David A. Wink, a researcher at the National Cancer Institute, has found that high concentrations of NO activate the β-catenin pathway, which is involved in cell adhesion and may play a role in cancer metastasis. Wink has also found that in a type of breast cancer known as estrogen-receptor negative, NO makes cancer cells more able to proliferate and spread.

Wink’s team has discovered that the enzyme protein phosphatase 2A (PP2A) may be a good way to target multiple NO-induced pathways for possible therapeutic intervention. This enzyme is usually turned off in tumor cells. By reactivating it, Wink and his coworkers are able to reduce levels of β-catenin and other cancer-related compounds. Working with collaborators, Wink has found two compounds—a peptide and a dithiolethione—that look like good PP2A activators and could thus be lead agents for drug discovery.
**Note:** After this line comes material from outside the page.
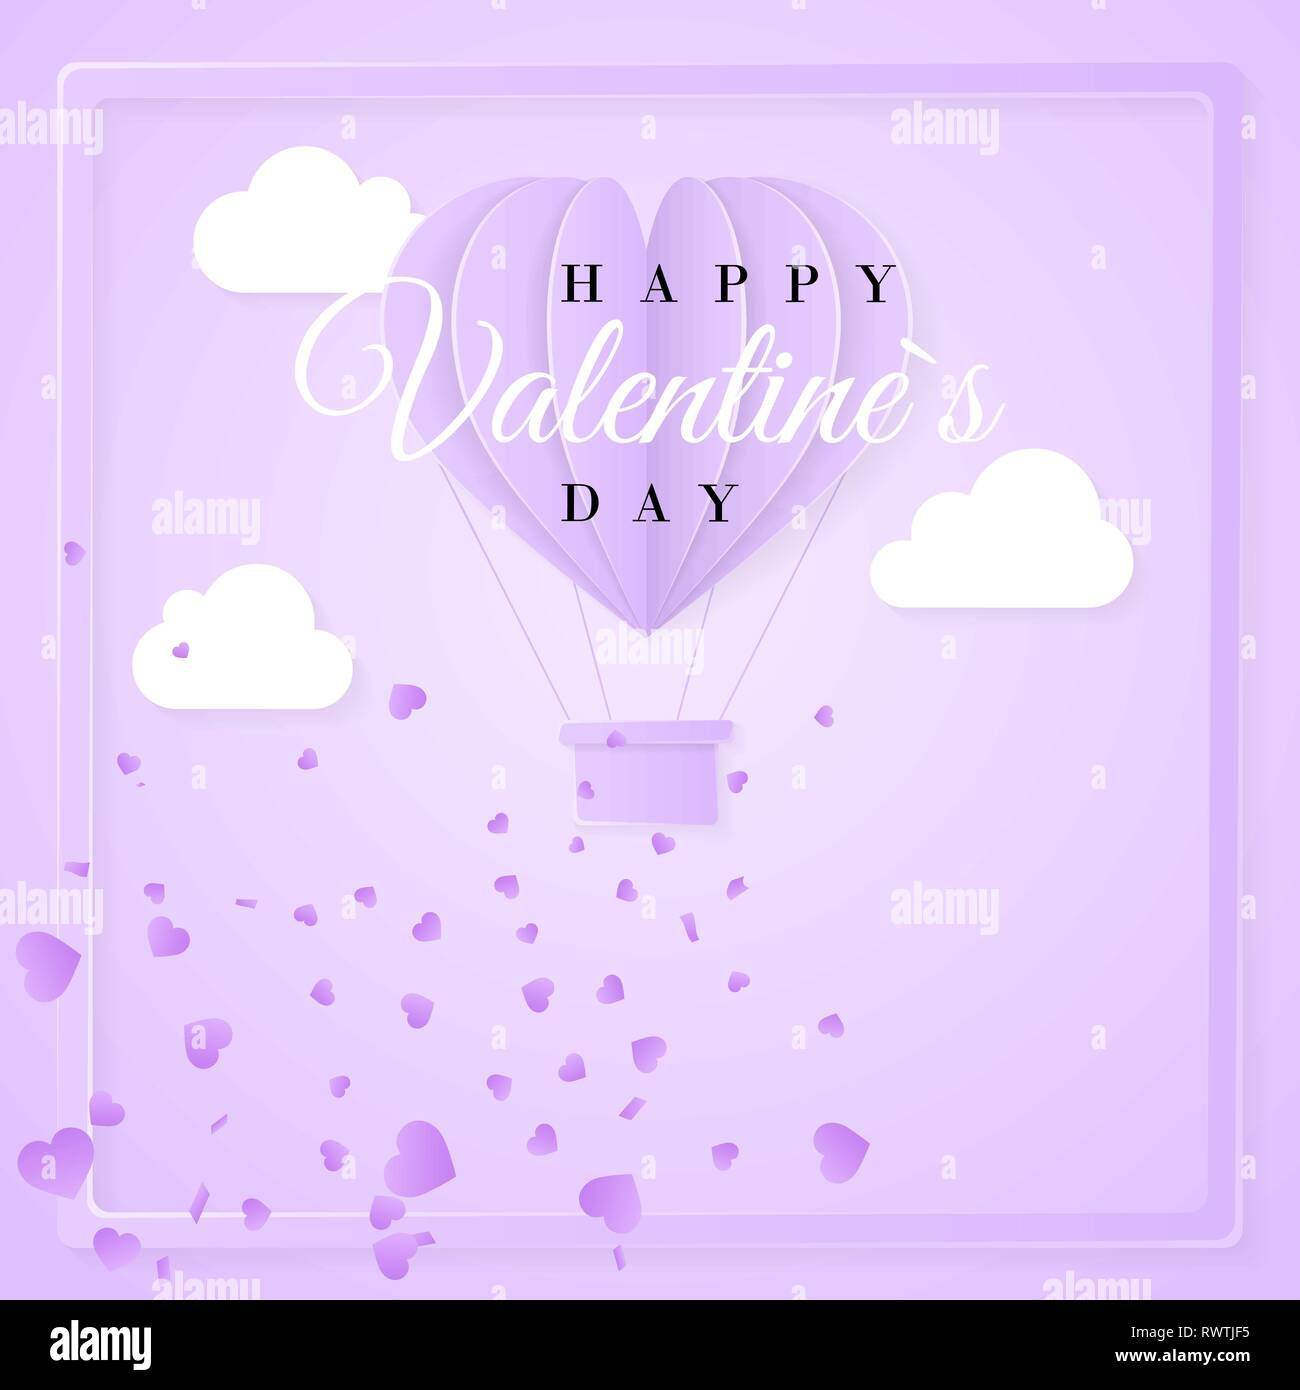 Happy Valentines Day Retro Invitation Card Template With

Another inflammation-induced mediator of cell proliferation that leads to cancer is the enzyme cyclooxygenase-2, Ian A. Blair of the University of Pennsylvania School of Medicine said. This enzyme’s main role is converting arachidonic acid to prostaglandins, molecules that induce even more inflammation and also lead to cell proliferation. COX-2 is upregulated in all cancers, Blair said.
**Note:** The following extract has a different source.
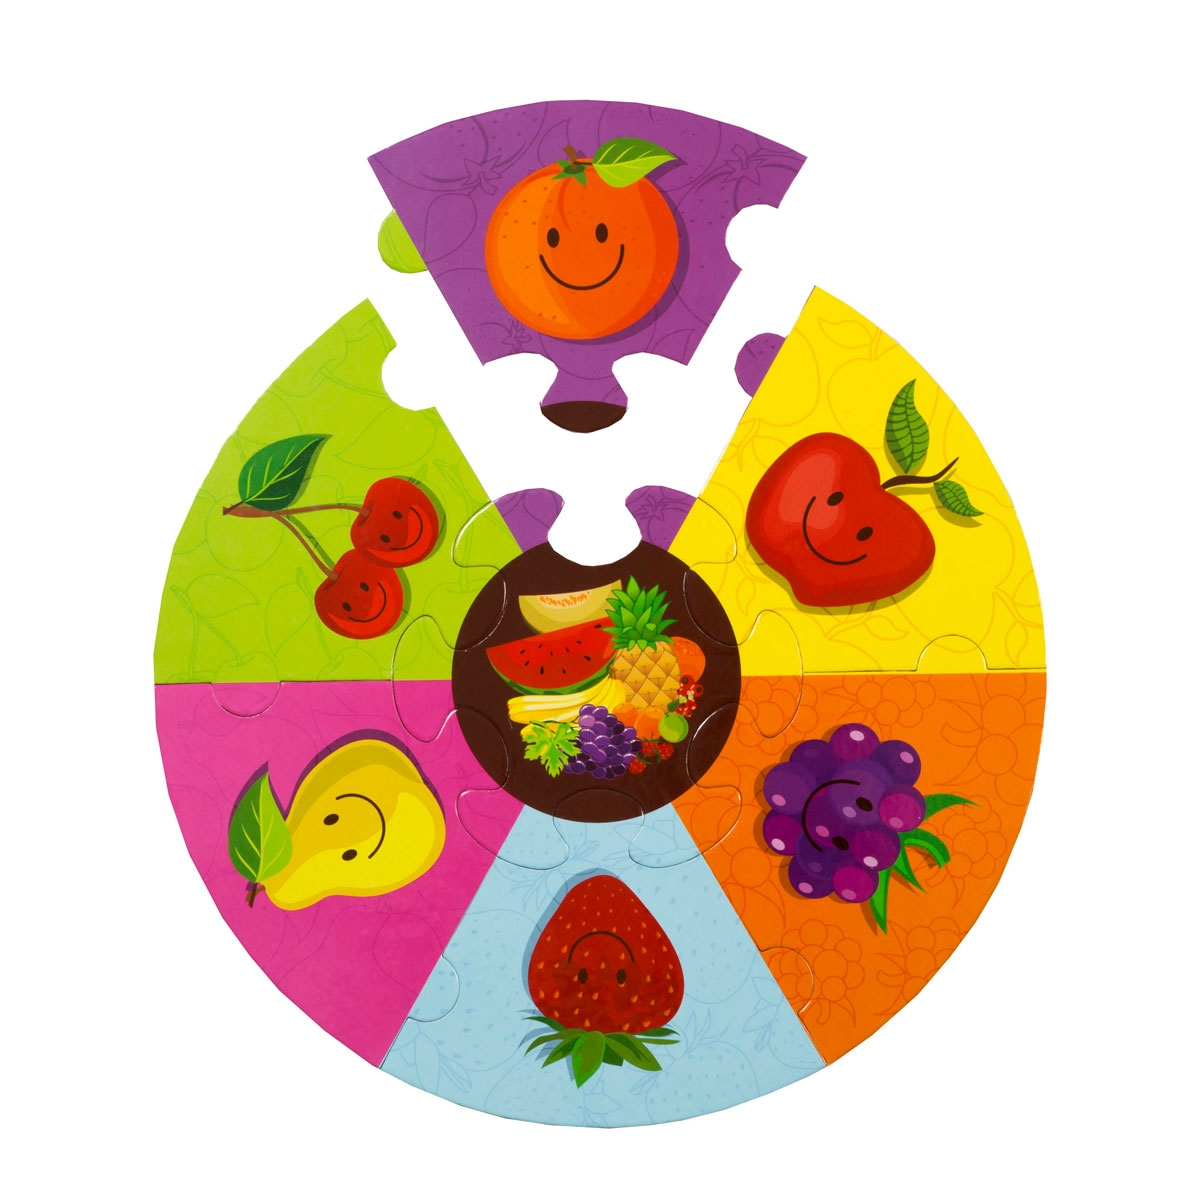 Round Puzzle - Fruits

But COX-2 plays a recently discovered additional role of inducing lipid peroxidation, Blair said. Some of these peroxidation products act in a feedback loop to help shut down inflammation and cell proliferation. However this potentially protective activity requires the presence of the enzyme 15-hydroxyprostaglandin dehydrogenase, which is downregulated during cancer progression, Blair said.

With these and other effects of inflammation in cancer becoming better understood, the question becomes—can we prevent the development or progression of the disease by targeting the players in inflammation?
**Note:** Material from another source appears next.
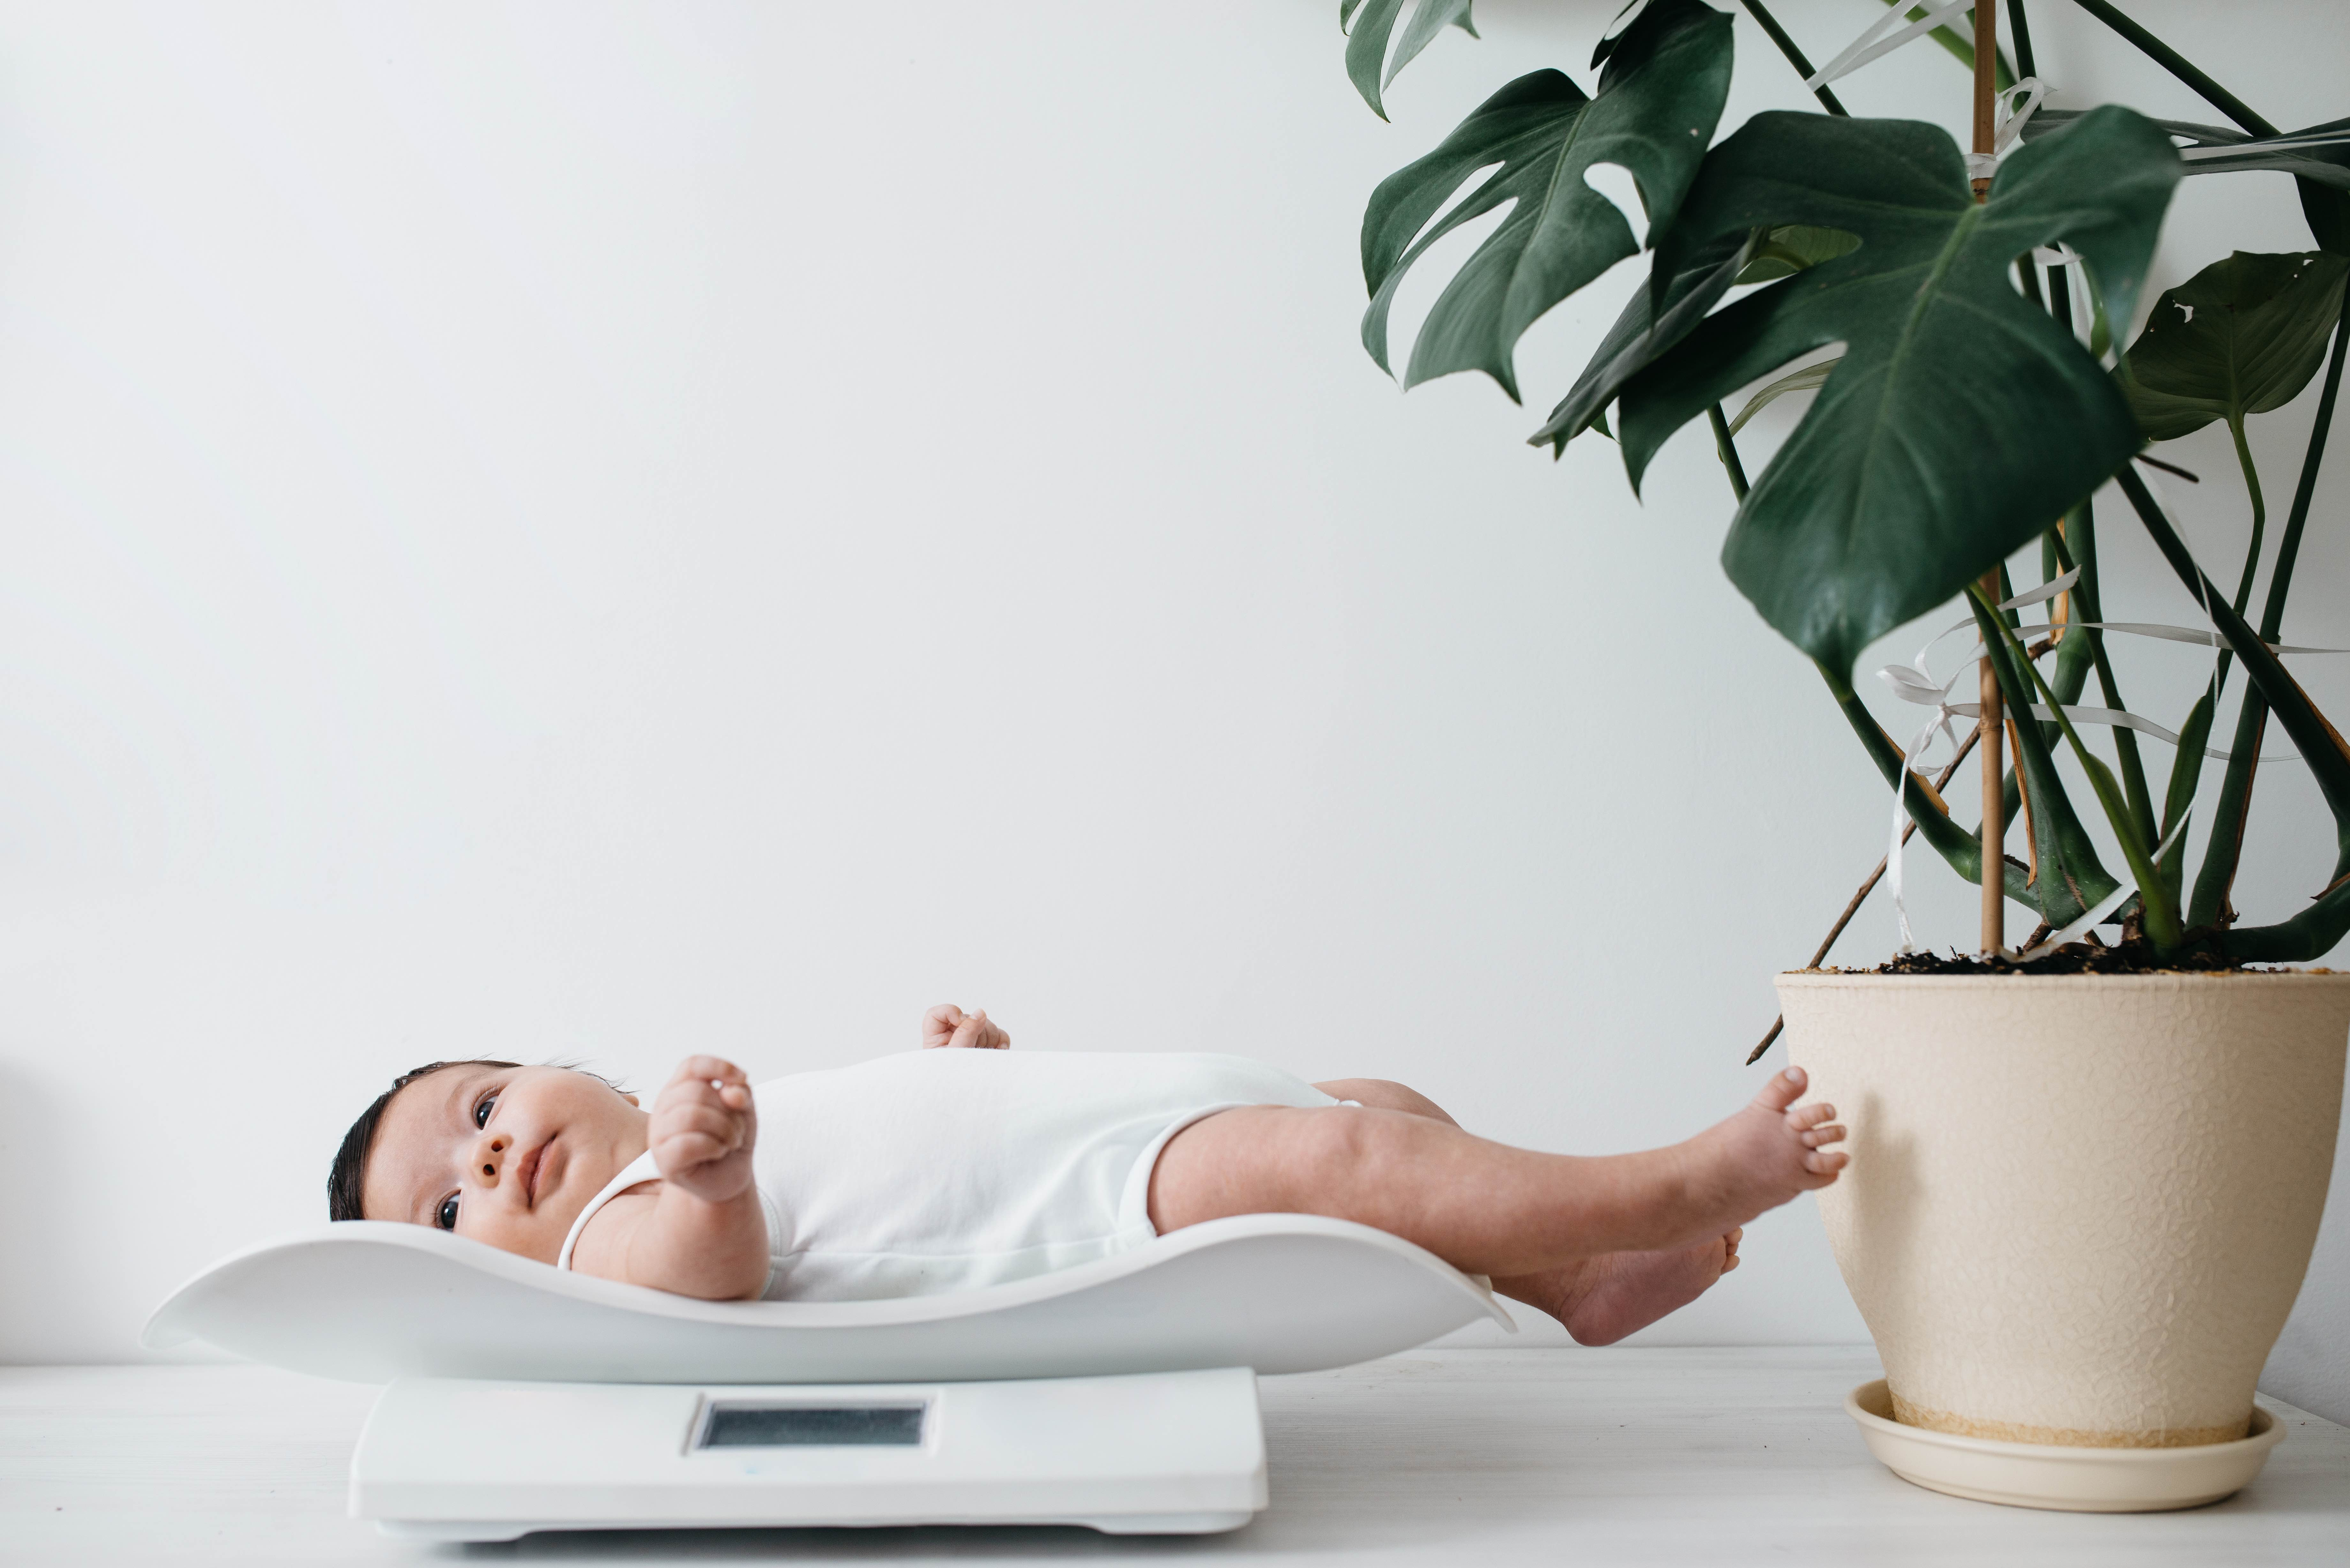 Simak, 7 Faktor yang Memengaruhi Berat Badan Bayi

In the case of inflammation generated in response to infectious diseases, the long-term tactic is to eliminate the bug in the first place. John D. Groopman of Johns Hopkins University has studied the role of hepatitis B virus (HBV) infection and exposure to aflatoxin (a mutagenic compound produced by molds) in liver cancer. Either risk factor increases a person’s risk of cancer—7.3-fold for the virus and 3.4-fold for aflatoxin—but the two in combination can increase the risk 60-fold, Groopman said. In a population in Qidong, China, Groopman has found that the virus and toxin working together caused many men to develop liver cancer by age 50.

Groopman believes that making HBV vaccination a public health right would help reduce such cancer risks. “We have a really good HBV vaccine,” he said. “We could eliminate this virus from the human population, but it’s going to take 100 years to do it.” In the meantime, he said, there’s a “compelling need to develop new therapeutic strategies.”

For inflammation that doesn’t stem from an infectious agent, the prevention strategy is not as clear-cut.

One tactic might be the prophylactic use of anti-inflammatory drugs, but the practice would be rife with pitfalls. First, not all inflammation is bad. Any prevention strategy that hinges on curtailing inflammation must focus on chronic inflammation while leaving the often beneficial process of acute inflammation alone. Second, many current anti-inflammatory drugs have side effects that make long-term use ­inadvisable.

COX-2 inhibitors illustrate the complexity of trying to intervene in inflammatory processes. Among the many processes that COX-2 is involved in are cell proliferation and the formation of new blood vessels. So Marnett is exploring COX-2 inhibitors as a way to slow down, or even stop, cancer progression. However, “COX-2 makes prostaglandins that at some phases of the inflammatory response stimulate inflammation, but in other phases inhibit inflammation,” Marnett said.

Tannenbaum suggests that preventing cancer by targeting inflammatory processes will involve using multiple drugs, much like what is currently done in treatment of cardiovascular disease.

But before then, we need a better understanding of the chemistry, Tannenbaum said. “Once we pin down the chemistry, we can think much better about prevention,” he said. “It’s not like finding an antibiotic to cure a bacterial disease. The inflammatory process takes 20 years or more before it causes a high risk for cancer in humans.”